Pension fund executives buy the hype to keep their jobs, Hooke said. Investing in funds that track the stock and bond markets requires few people—Nevada’s pension fund famously did it. And pension fund staffers listen to pension fund consultants and private equity players because that’s where they want to end up next in their careers.

Meanwhile, pension boards, often made up of retirees and union representatives, don’t have the investment expertise, so they put their trust in the consultants, Hooke said.

Labor’s Time in the Sun

Public pension funds have wielded power before, taking stances against apartheid in South Africa, tobacco, terrorism, guns, Russia’s invasion of Ukraine, and fossil fuels. The value of private prison companies GEO Group and CoreCivic fell extensively after public pension funds divested from the two largest publicly traded operators.

Some funds say they are working to extend this to labor issues. “Figuring out a systematic way to ensure workers’ rights across our portfolio is a priority of ours,” said Alison Hirsh, the NYC Comptroller’s Office chief strategy officer.

Given that half of New York City’s pension fund boards of trustees, who vote on investment decisions, are workers and union representatives, private equity funds need to present acceptable labor standards to win them over, she added. “We can have a material impact on companies’ workers rights practices through engagement.”

Like New York City’s pension system, several pension funds have responsible contractor policies, although these mostly apply only when the pension fund has a minimum 50 percent stake in the investment, which doesn’t apply to private equity holdings.

When Toys ‘R’ Us’s severance pay promise was rescinded, Minnesota’s state pension withheld investments in KKR temporarily. KKR and Bain Capital later set up a $20 million hardship fund (though not the $75 million workers felt they were owed).

Labor advocates argue that a greater investor focus on private equity labor practices would benefit returns and the wider economy. “Labor disputes cost money,” Flores said. “In a bunch of industries where there are strikes happening, companies are unable to fill positions, unable to grow because they can’t staff.”

Making sure the private equity funds’ portfolio companies aren’t cutting employees or going bankrupt will “do the economy a net positive if you can stave off hundreds and thousands of layoffs that will strain the unemployment rolls,” Agustin said.

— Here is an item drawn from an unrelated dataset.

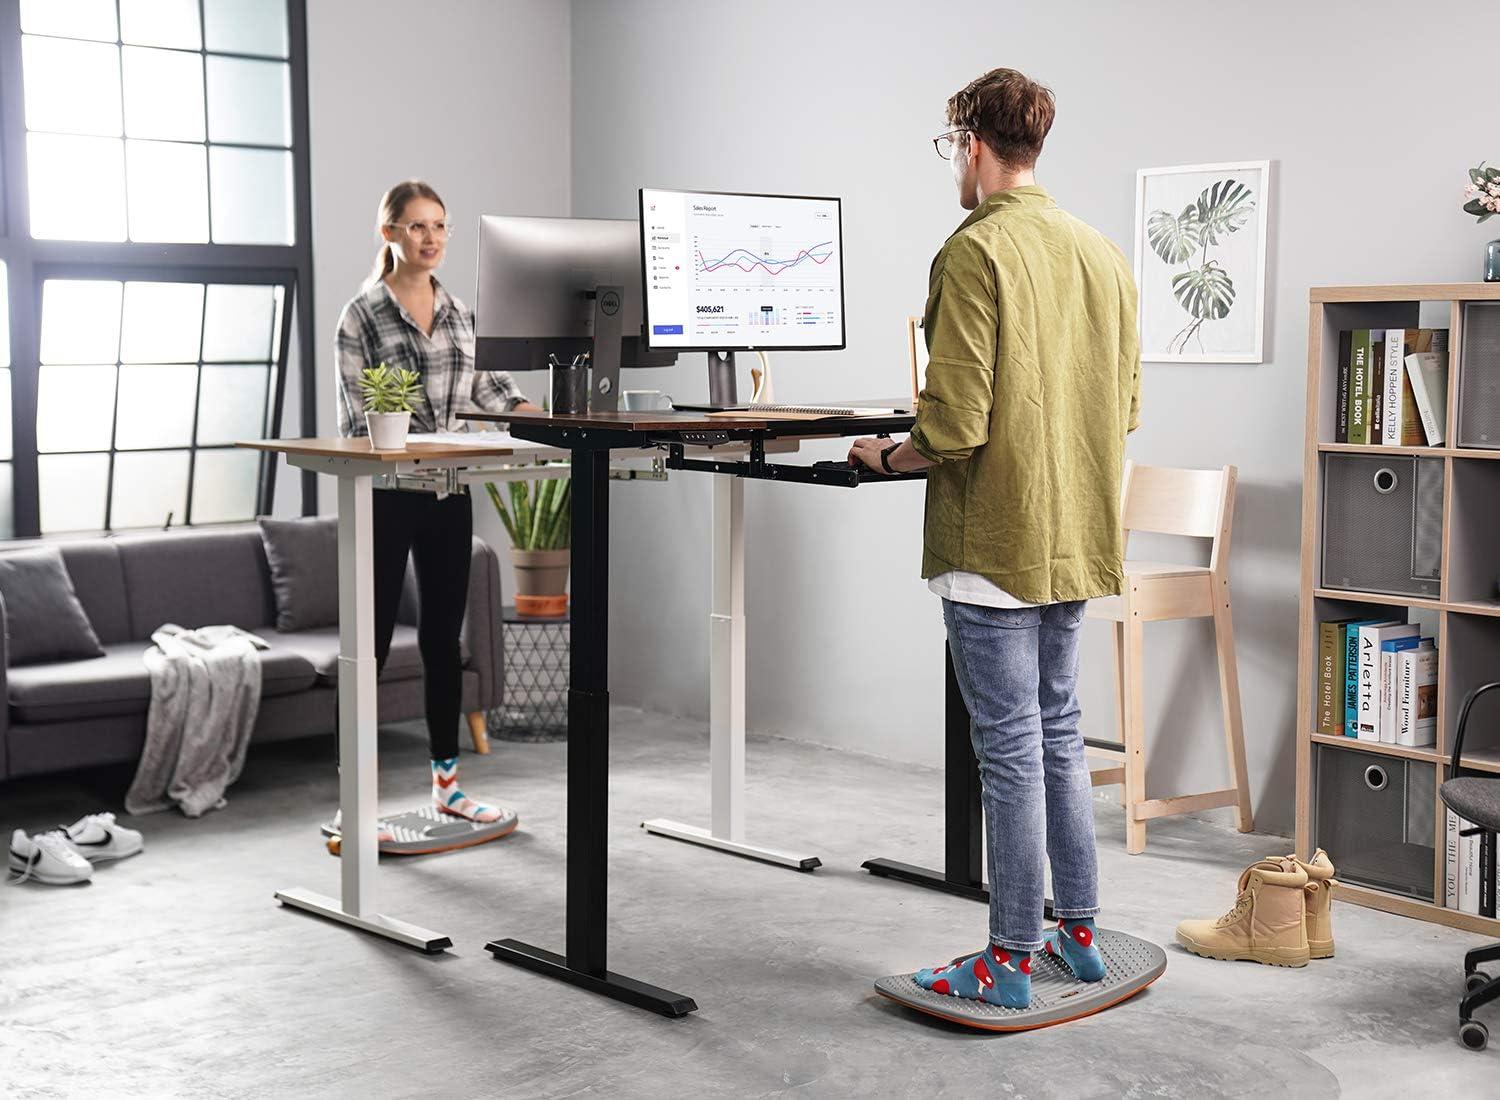 FEZIBO Standing Desk Mat with Anti Fatigue Bar, Wooden Wobble Balance Board  with Ergonomic Design Comfort Floor Mat Large Altostratus Gray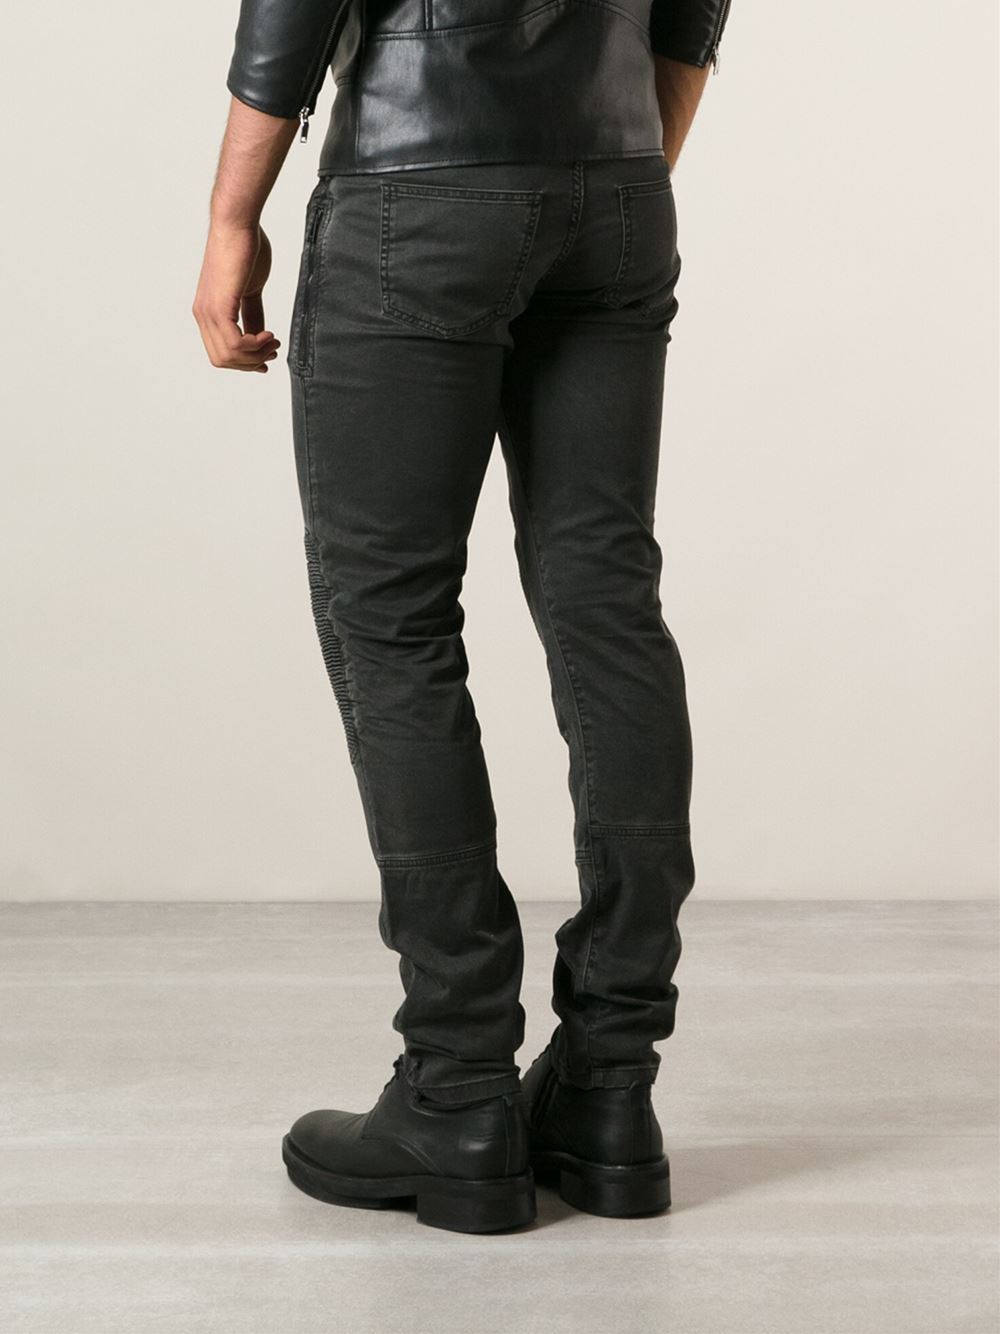 Belstaff Ribbed Knee Slim Jeans in Black for Men - Lyst

Recently, there’s been pushback against pension funds wielding their might on social issues, particularly around so-called environmental, social, and governance (ESG) practices. Three New York pension funds were sued by members for cutting their stakes in fossil fuels.

But with private equity, public pension funds have grown vital enough that they could simply decline to invest in firms with poor labor practices, without necessarily taking a hit to their own returns. But that would require pension fund managers to connect the workers they represent with the workers who are being harmed by their investments.

Note: Rachel Phua is now a journalist for Bloomberg based in Singapore. This story was submitted and edited before she joined Bloomberg.